1. **Run eval** — `uv sync --project scripts/eval` then `uv run --project scripts/eval python scripts/eval/evaluate_rag.py` with required `--dataset-paths`, `--host`, and `--port` (and env `NVIDIA_API_KEY`). Argument `--ingestor_server_url` is optional (defaults to `http://localhost:8082`); pass it only when overriding the ingestor endpoint.
2. **Quality tuning** — See [`references/benchmark-execution.md`](references/benchmark-execution.md): `--top_k`/`--vdb_top_k`, reranker and query-rewriting toggles, `--temperature`, `--top-p`, `--max-tokens`.
3. **Data conversion** — Follow [`references/dataset-and-conversion.md`](references/dataset-and-conversion.md).

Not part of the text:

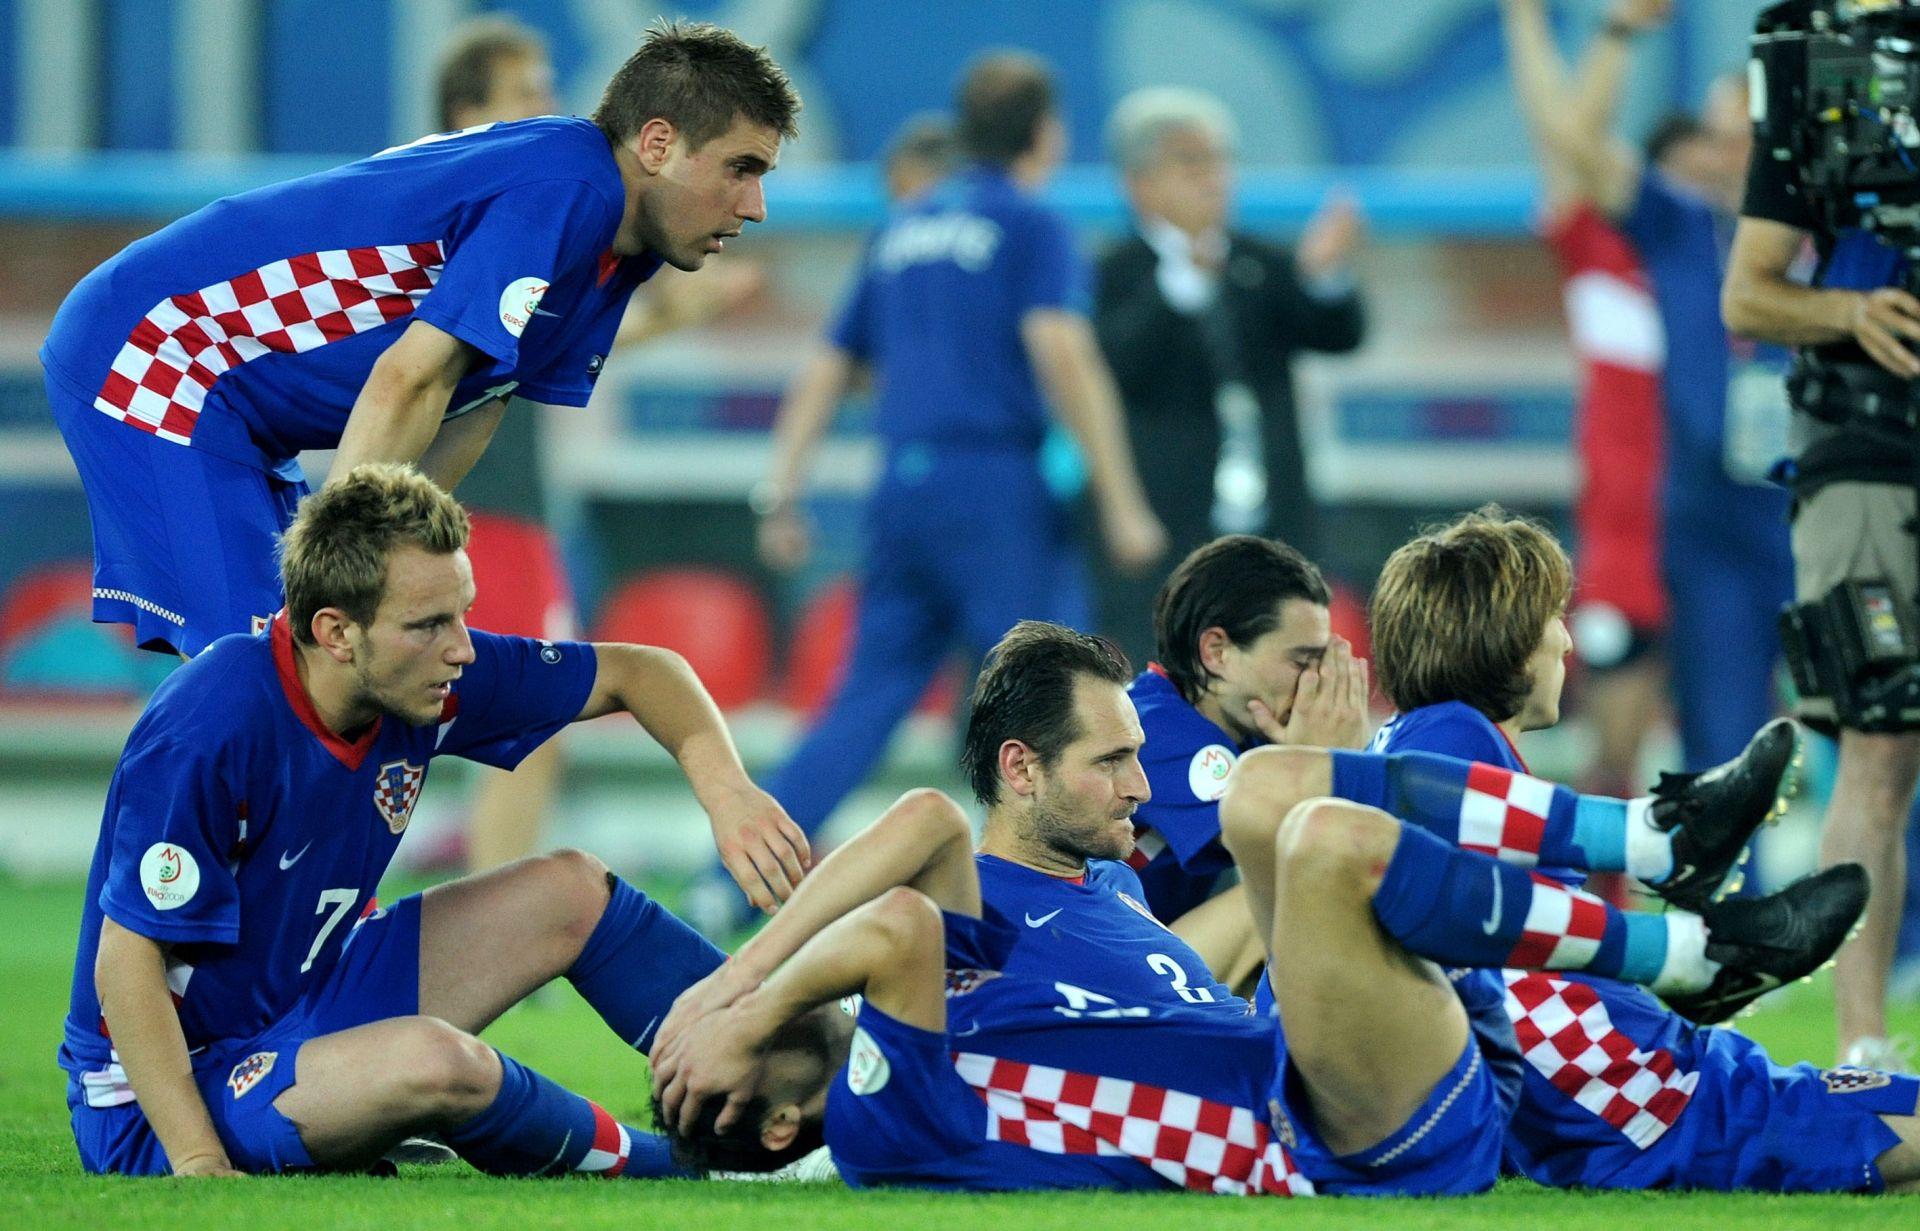 JOŠ BOLI PORAZ IZ BEČA Dosadašnje utakmice Hrvatske protiv Češke, Španjolske i Turske

4. **Analyze results** — [`references/result-analysis.md`](references/result-analysis.md); quick scan: `python3 -m json.tool results/<dataset>/rag_<dataset>_evaluation_summary.json`.
5. **Error triage** — [`references/benchmark-execution.md#common-error-cases-and-signals`](references/benchmark-execution.md#common-error-cases-and-signals).